**RECORDS FOR THIS EXERCISE:**
+++

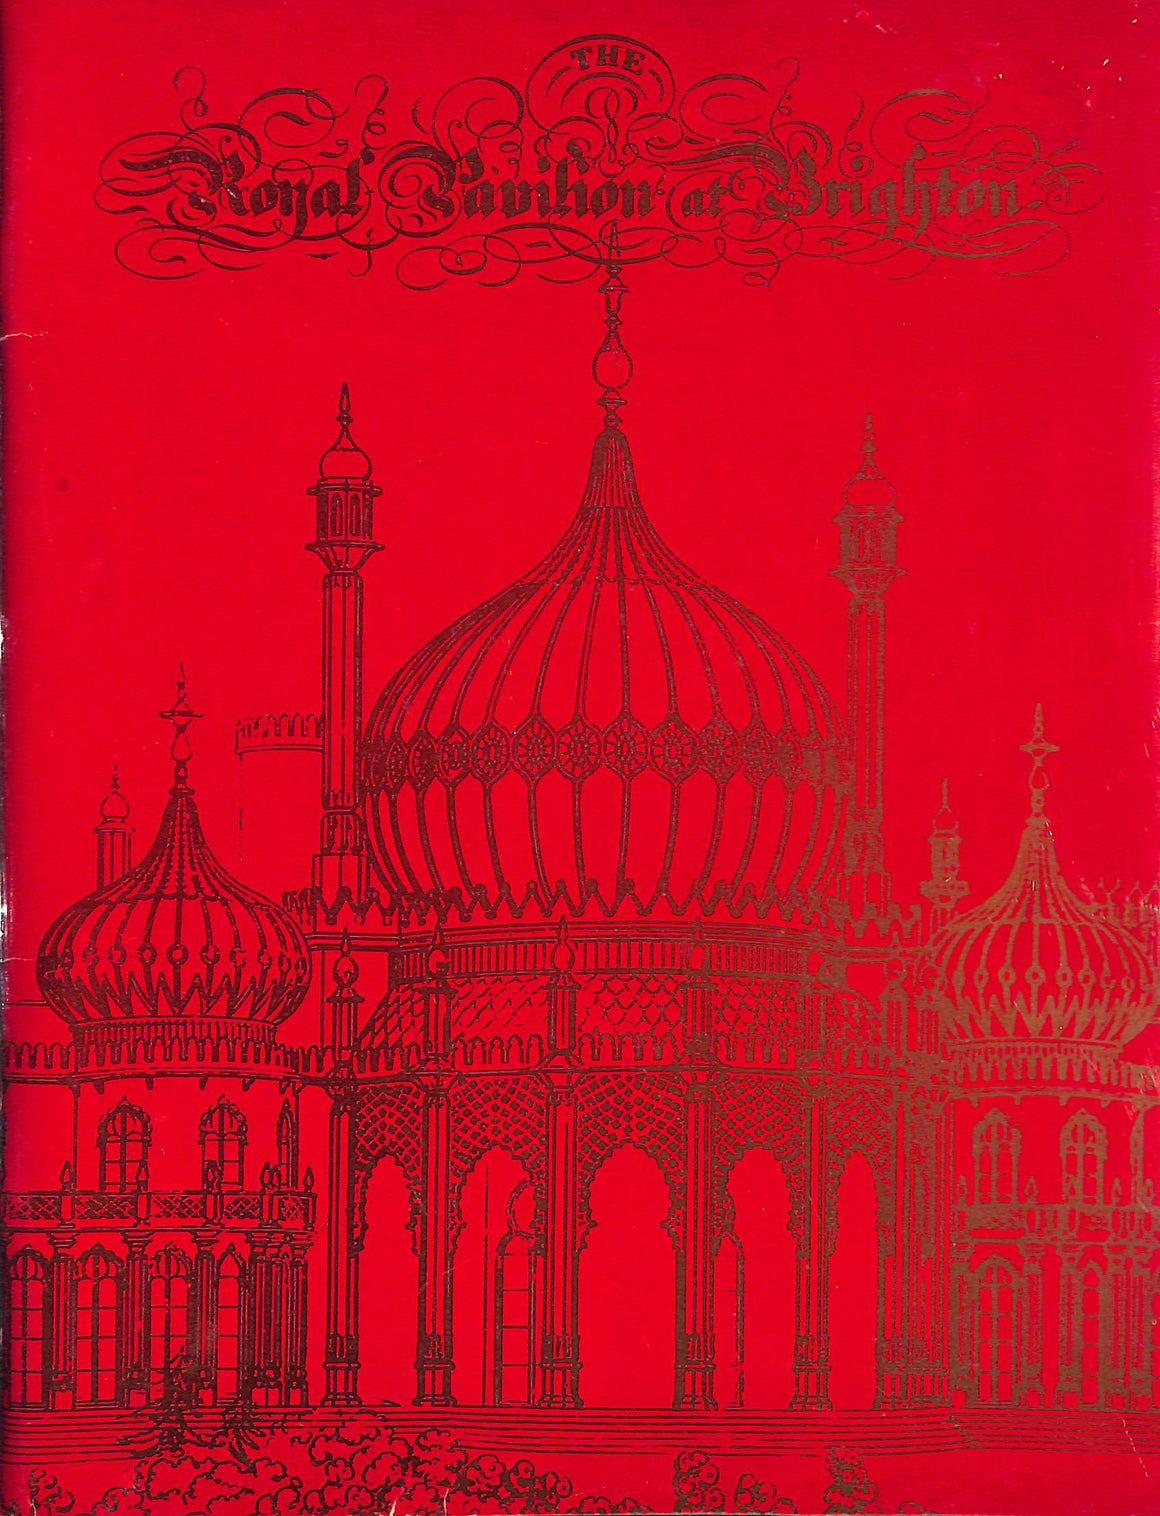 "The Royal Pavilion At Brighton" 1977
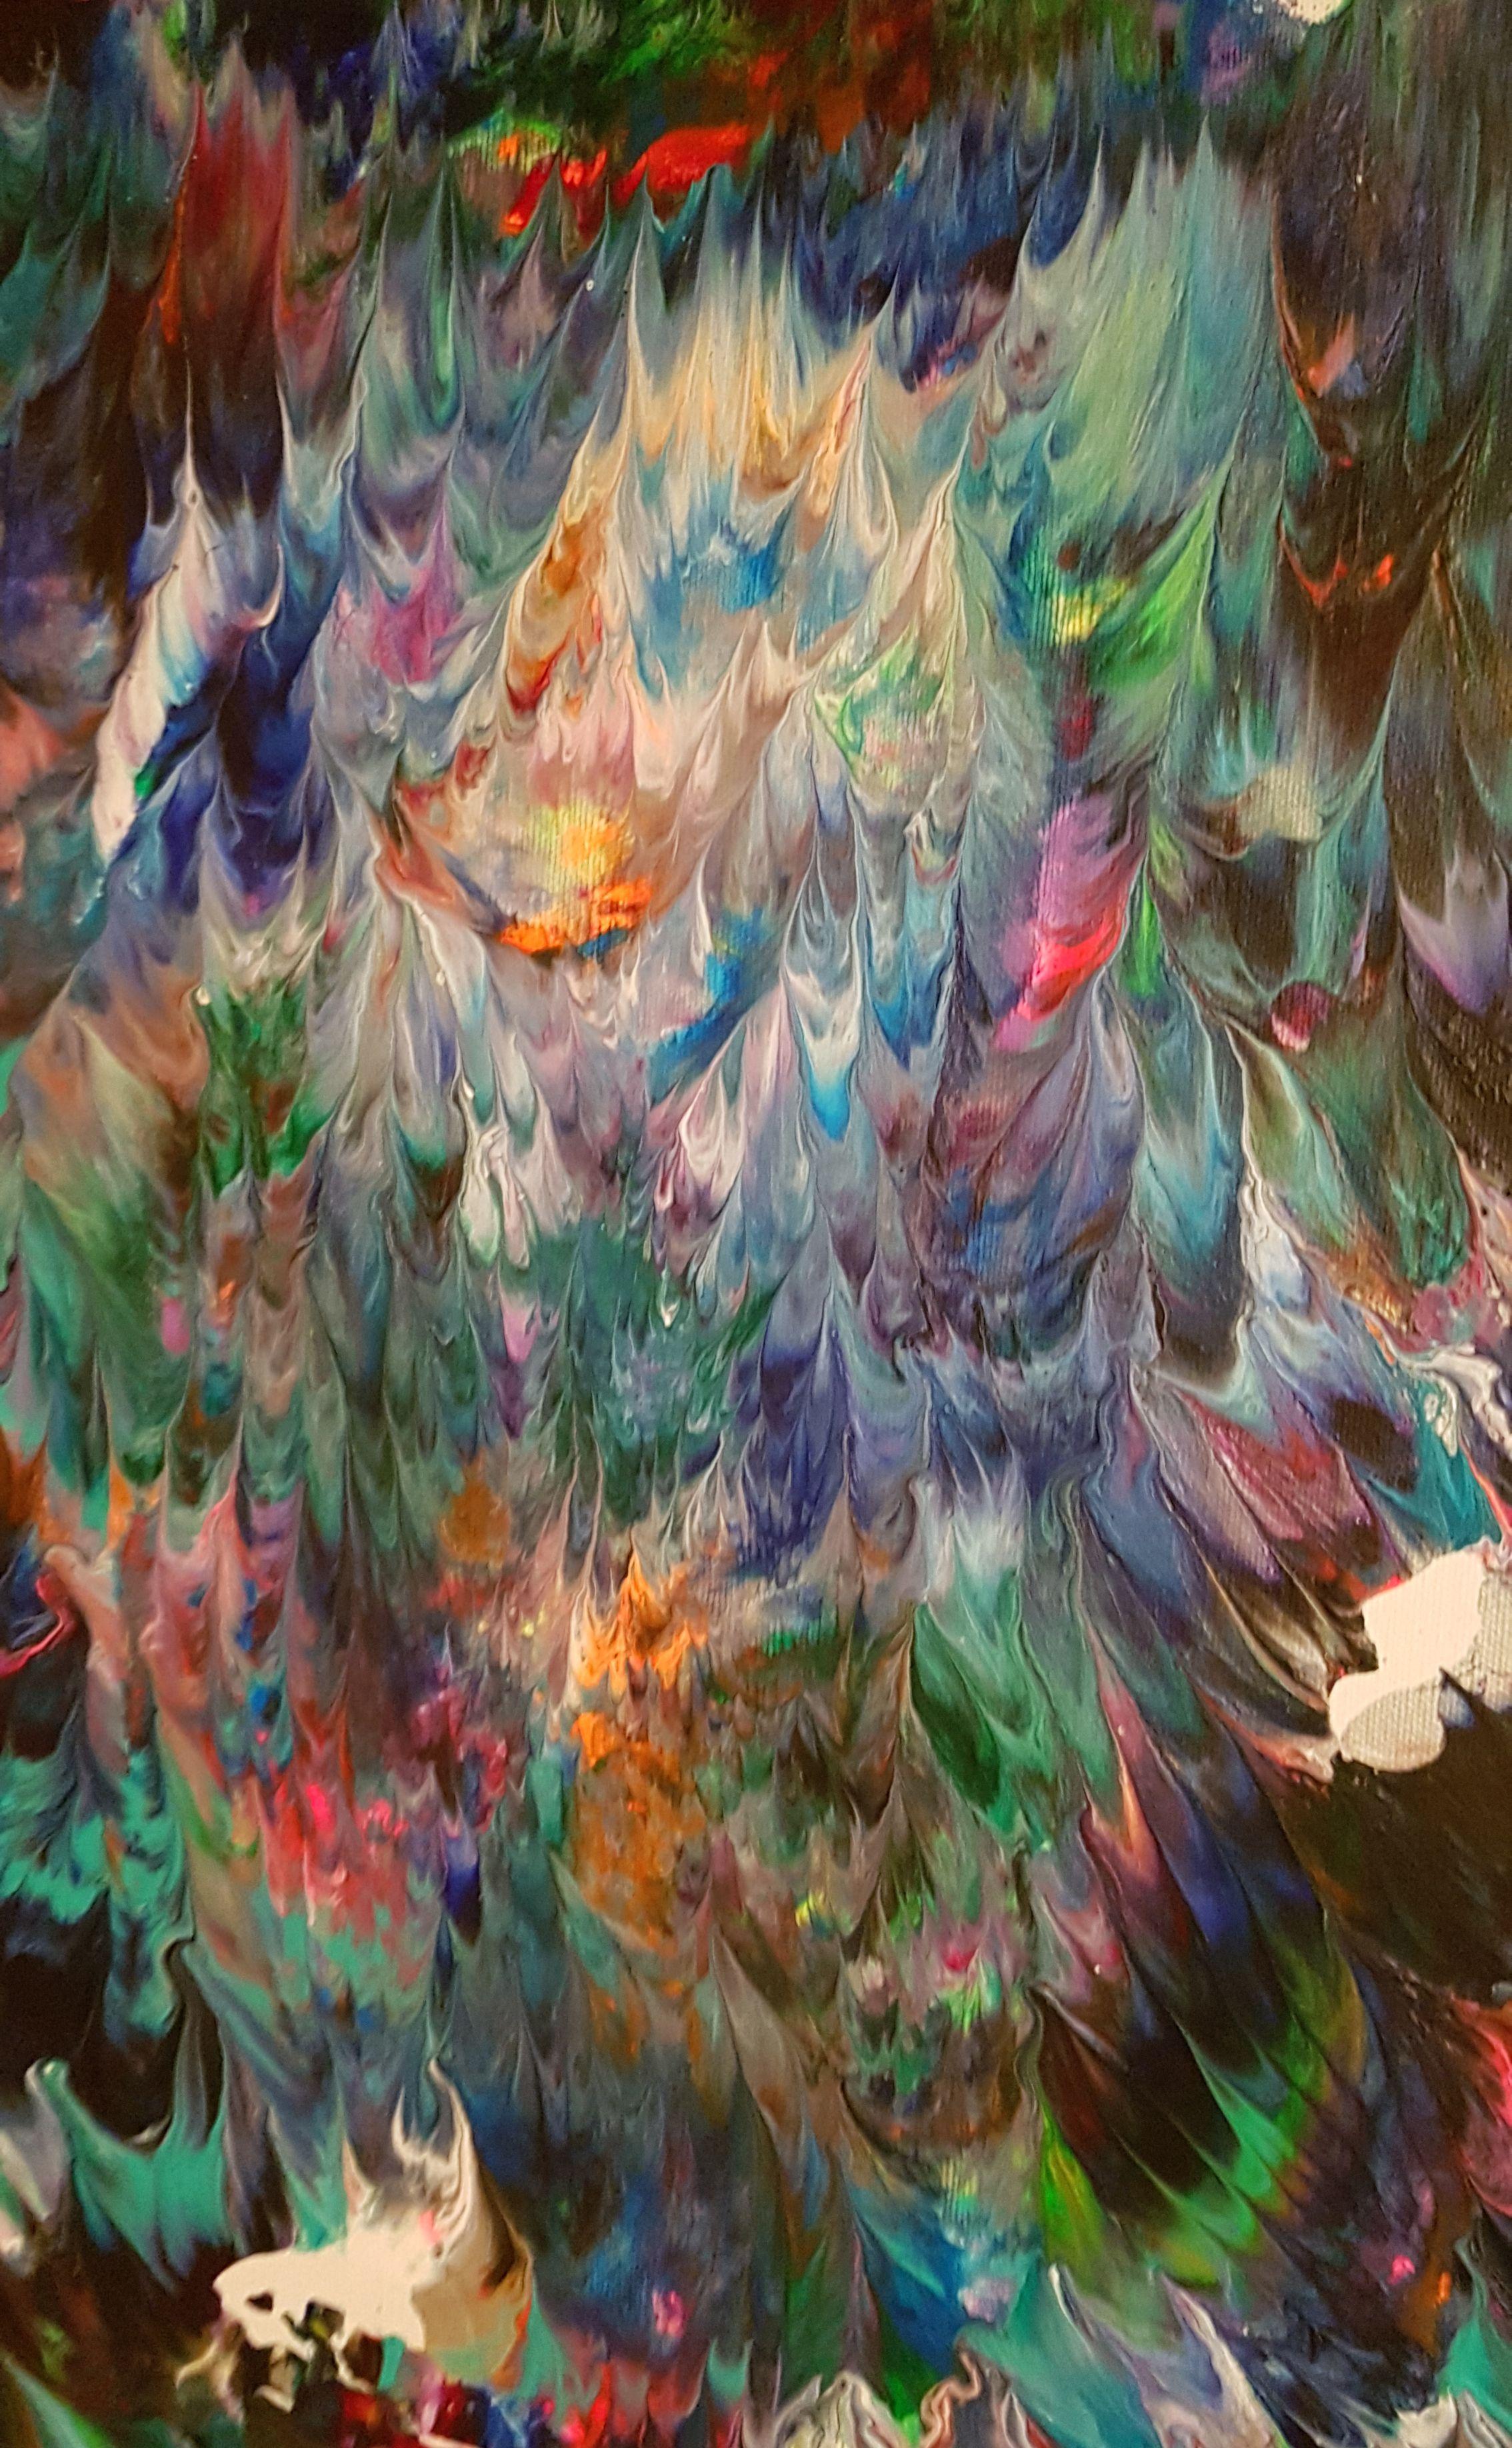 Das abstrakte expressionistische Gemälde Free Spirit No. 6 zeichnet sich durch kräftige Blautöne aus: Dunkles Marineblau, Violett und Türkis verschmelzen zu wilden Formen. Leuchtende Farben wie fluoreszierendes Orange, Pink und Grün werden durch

+++

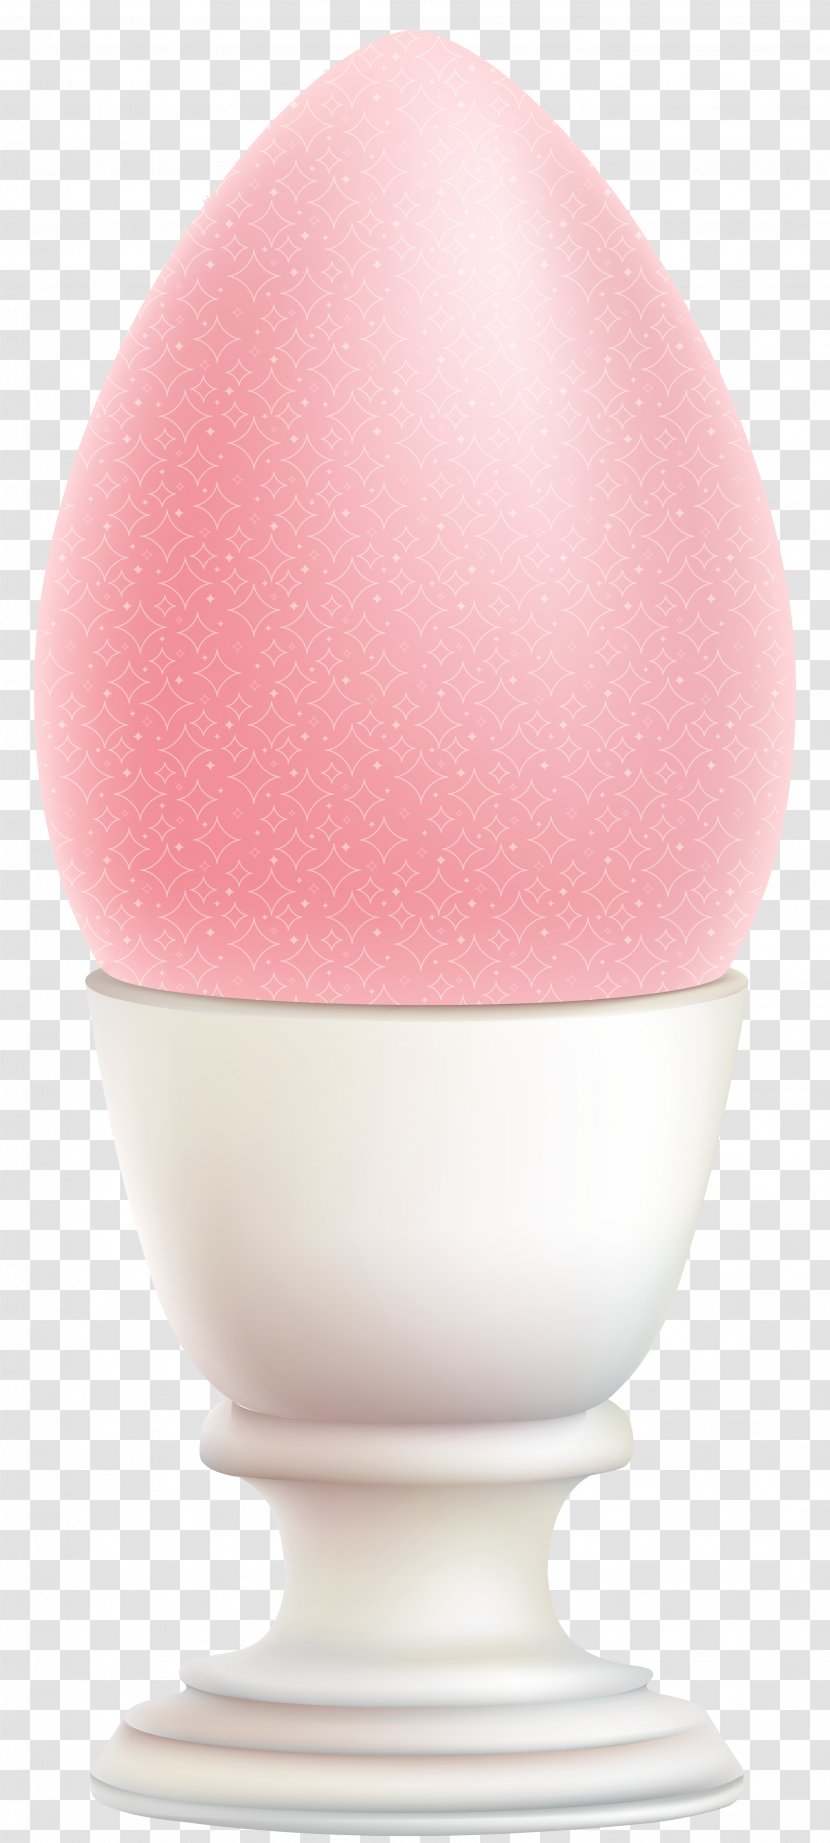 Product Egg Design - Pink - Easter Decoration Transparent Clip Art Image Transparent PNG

+++

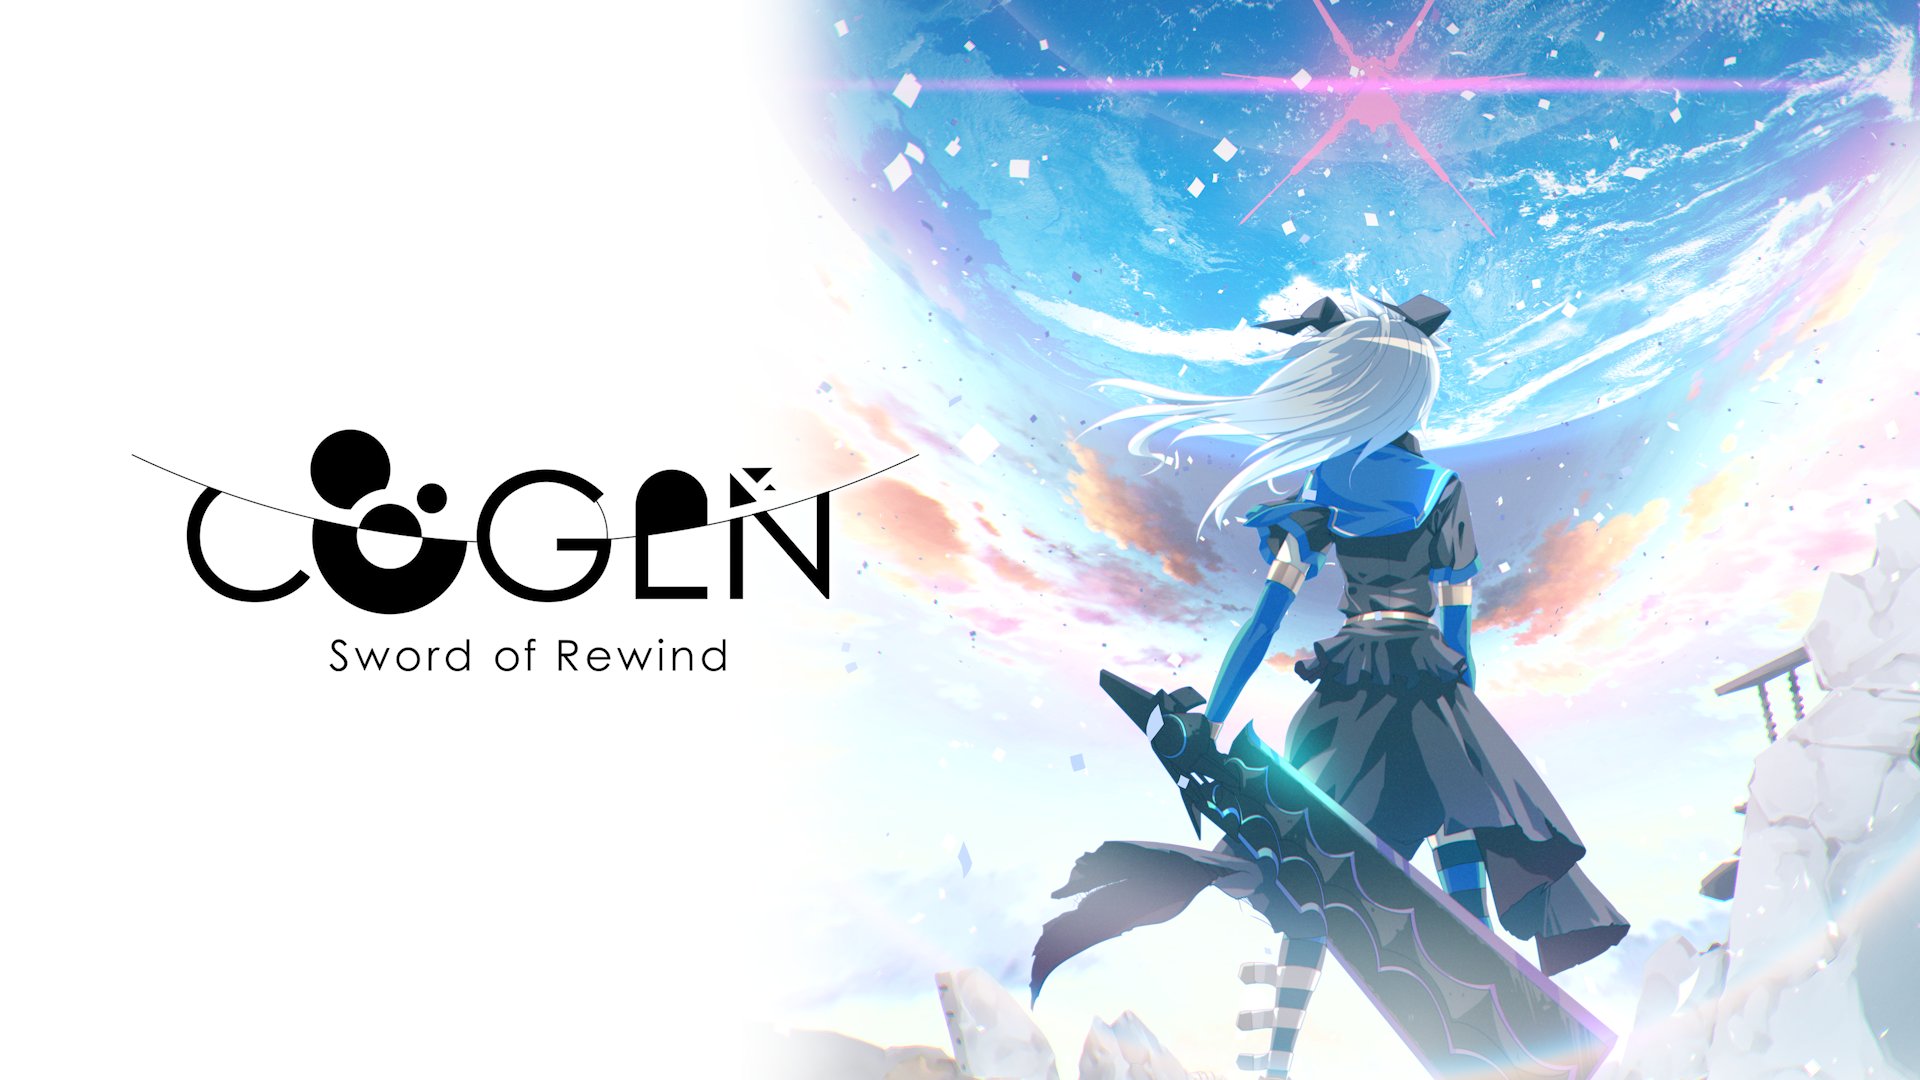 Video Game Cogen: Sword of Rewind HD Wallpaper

+++

**TASK REQUIREMENTS:**
In the entries above, find the line containing "Royal Pavilion At" and the line containing "Das abstrakte expressionistische"; give again exactly those two lines and every line between them, minus the pictures.

**SOLUTION FOR THIS EXERCISE:**
 "The Royal Pavilion At Brighton" 1977
 Das abstrakte expressionistische Gemälde Free Spirit No. 6 zeichnet sich durch kräftige Blautöne aus: Dunkles Marineblau, Violett und Türkis verschmelzen zu wilden Formen. Leuchtende Farben wie fluoreszierendes Orange, Pink und Grün werden durch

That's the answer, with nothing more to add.